Meitei guardian god of the north-west direction

Koupalu is a primordial deity in Sanamahism. He is the protector of the Meiteis, guardian of the North West direction and the founder of Meitei civilization. He lives on the summit of Mount Koubru.

== Description ==
Koupalu (or Koubru) is a primordial deity in Sanamahism, the indigenous religion of Manipur. He is the omniscient and omnipotent guardian god of the Meiteis and the guardian of the north-west direction. According to legend, he is the progenitor of the civilization of Kangleipak, which he founded at Mount Koubru, near modern Imphal in north-western Manipur, where he resides.
He is said to be the controller of nine underground wells or tunnels which are associated with the birth and death of mankind. The tunnels are considered sacred and are, themselves, worshipped by Meiteis.

== Worship ==

The traditional hymns emphasise Koubru's role as the creator of Meitei civilisation.

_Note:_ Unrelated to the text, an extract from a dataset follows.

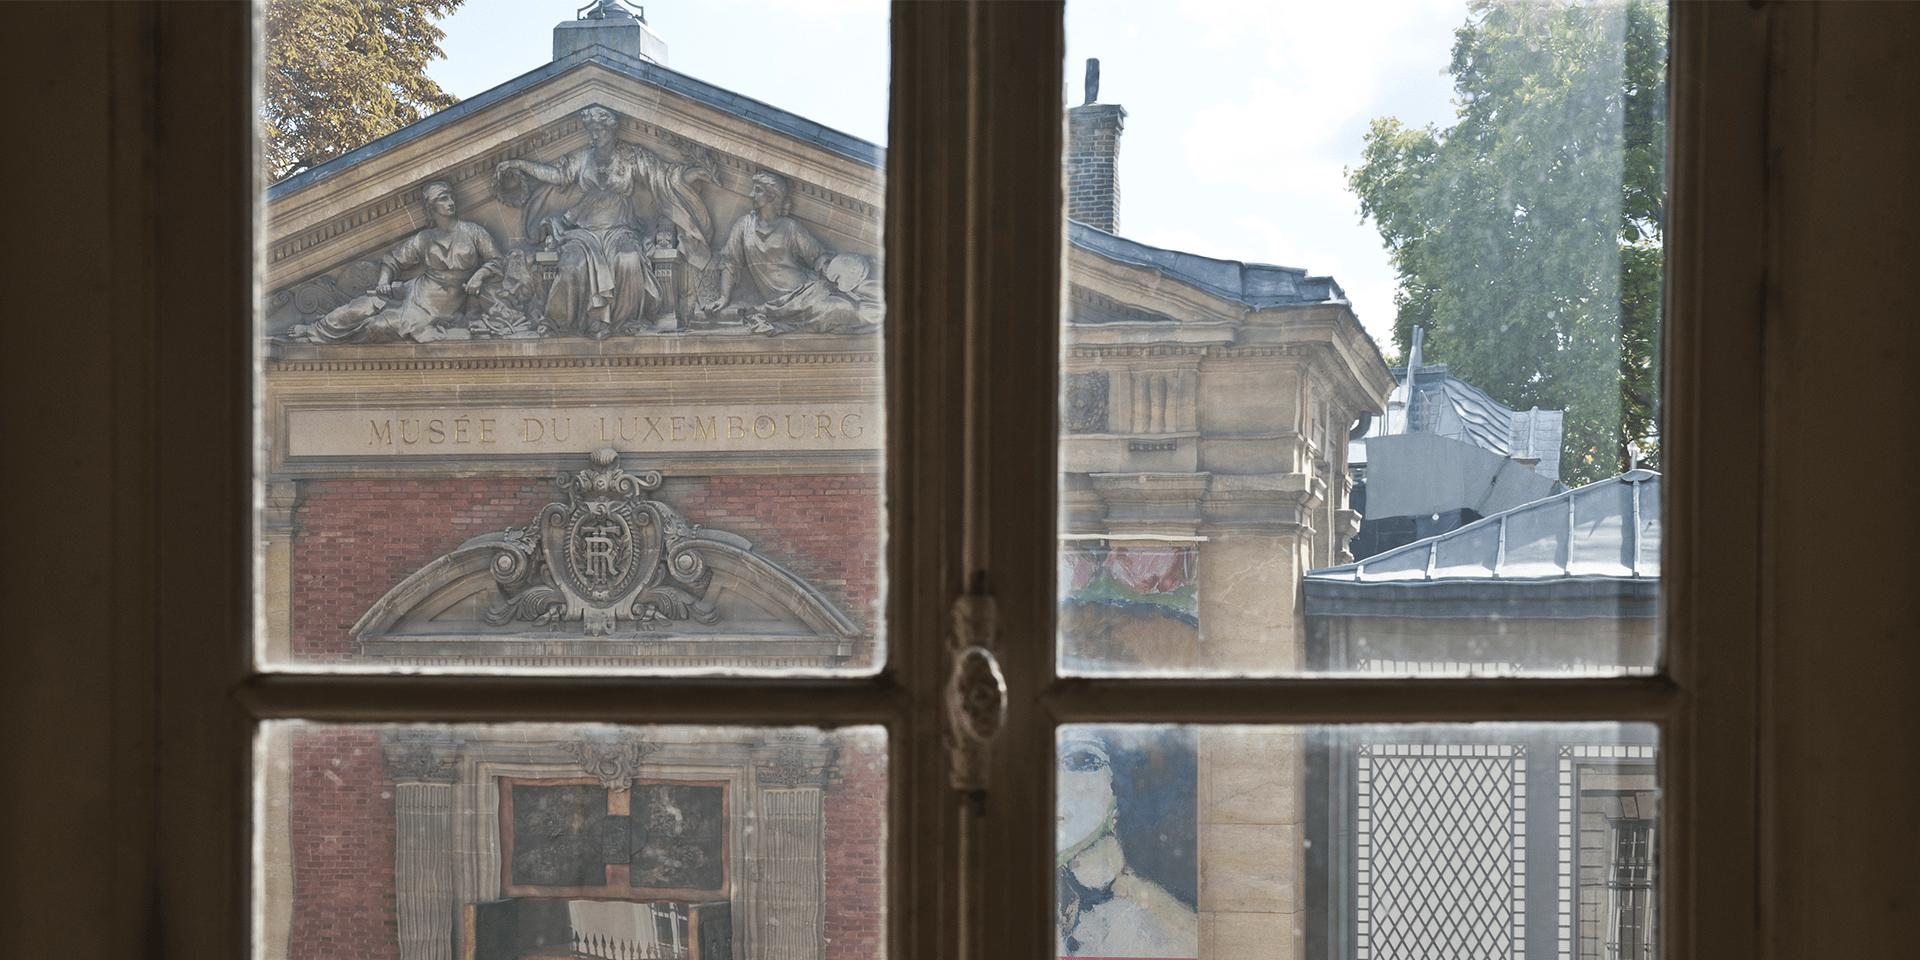 Le Musée du Luxembourg

For example, this hymn of invocation:

Koubru of the North,
you are the overlord.
You are the first place of settlement.

In the Lai Haraoba festival, a ritualistic folk song dedicated to God Koubru is sung:

Koubru the checker of the North
The place of the first settlement of the Leima-Lai
You let the Charik bloom
You nurture the Nongthrei sprout
Your power is omnipotent
You are the one that illuminates the race.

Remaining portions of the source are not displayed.